Early 2005, the second year of my American life, I had visited my apartment rental office because I was upset about the fact that my rent will be increasing a lot after renewal. I could meet the manager at the office and then asked, “What is the reason anyway my rent will be so high like this?” Then she plainly answered, “Supply and Demand.” I was speechless after hearing that answer and so far I remember it was the most embarrasing moment in my life.
I had been studing and living with Economics about 6 years, even more if I added the period of my millitary service. Even though the long years of study I had, I even didn’t know the characteristics of the price in my heart. Now, I have been teaching almost 10 years at the college, my students know really well about this answer. They usally get a right answer even the first class of the principle of Economics.

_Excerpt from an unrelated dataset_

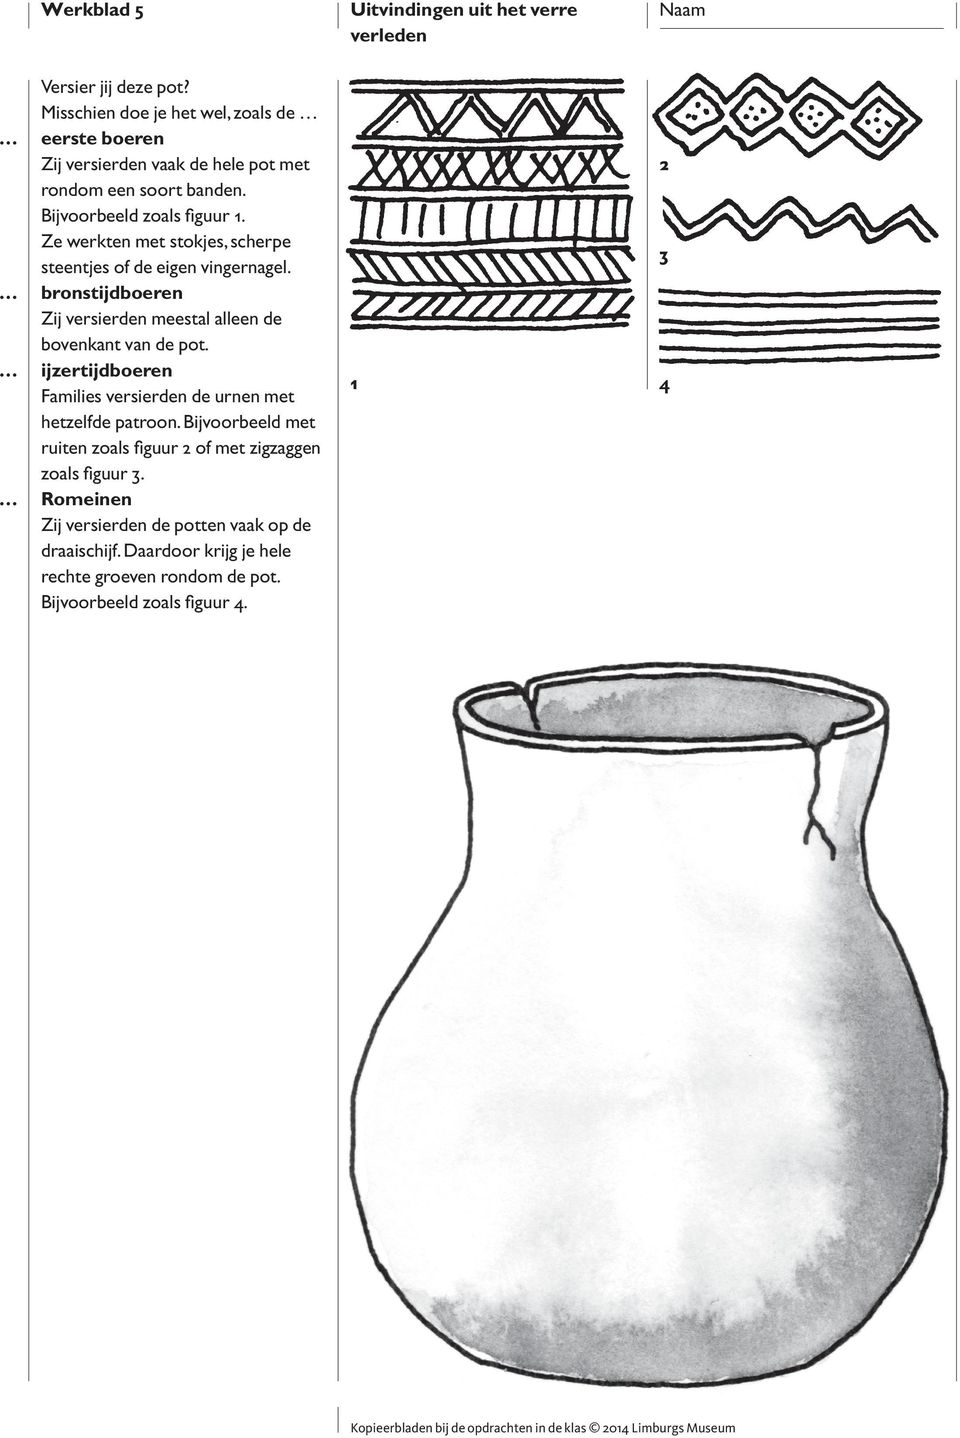 Ze werkten met stokjes, scherpe steentjes of de eigen vingernagel. bronstijdboeren Zij versierden meestal alleen de bovenkant van de pot.
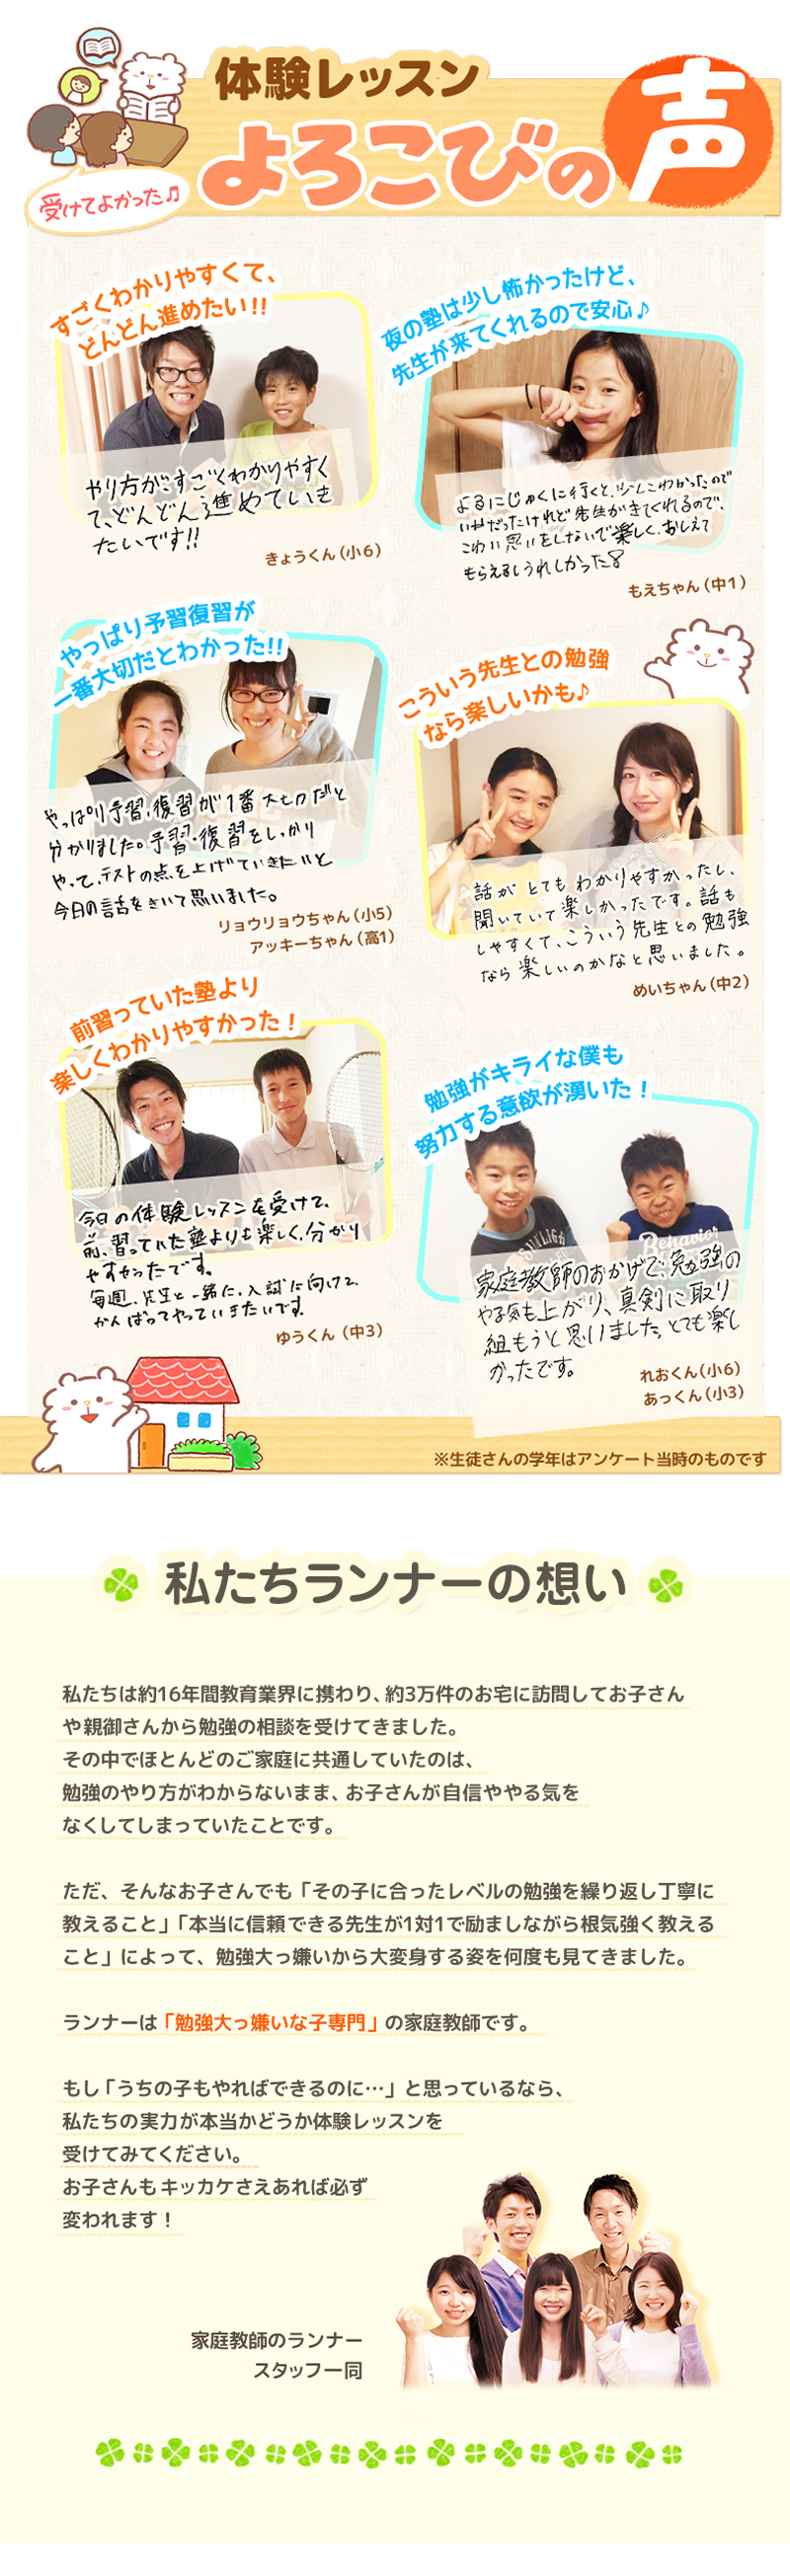 【家庭教師-静岡県-富士市のお客様のページ】【画像が表示されない場合はページ下部に画像と同じ内容をテキストで掲載していますのでそちらをご覧ください。】

The “market”, where the trade happens, supply and demand meet, the price is determined, is the answer. In other perspectives, the state, consequence, or result from economic activity in the market, can be called “equilibrium.” One of my professor in my undergraduate year, emphasized that he think that the equilibrium is the most important concept of summarizing Economics. I strongly agree with his argument. Economists, who especially study microeconomics, have the good paradigm of supply and demand model and the equilibrium is the status quo of all their model.
The origin of the equilibrium is market. If we accept broad meaning of market, not only physical and old style farmers markets but also new format of market, such as eBay, Amazon, other online stores and so on, we can easily understand the fact that the price of each product will be determined by the interaction between buyers and sellers. In Economics theory, the most simple and clear model so far, boldly speaking, is the supply and demand model. It is even easy to understand and intuitive.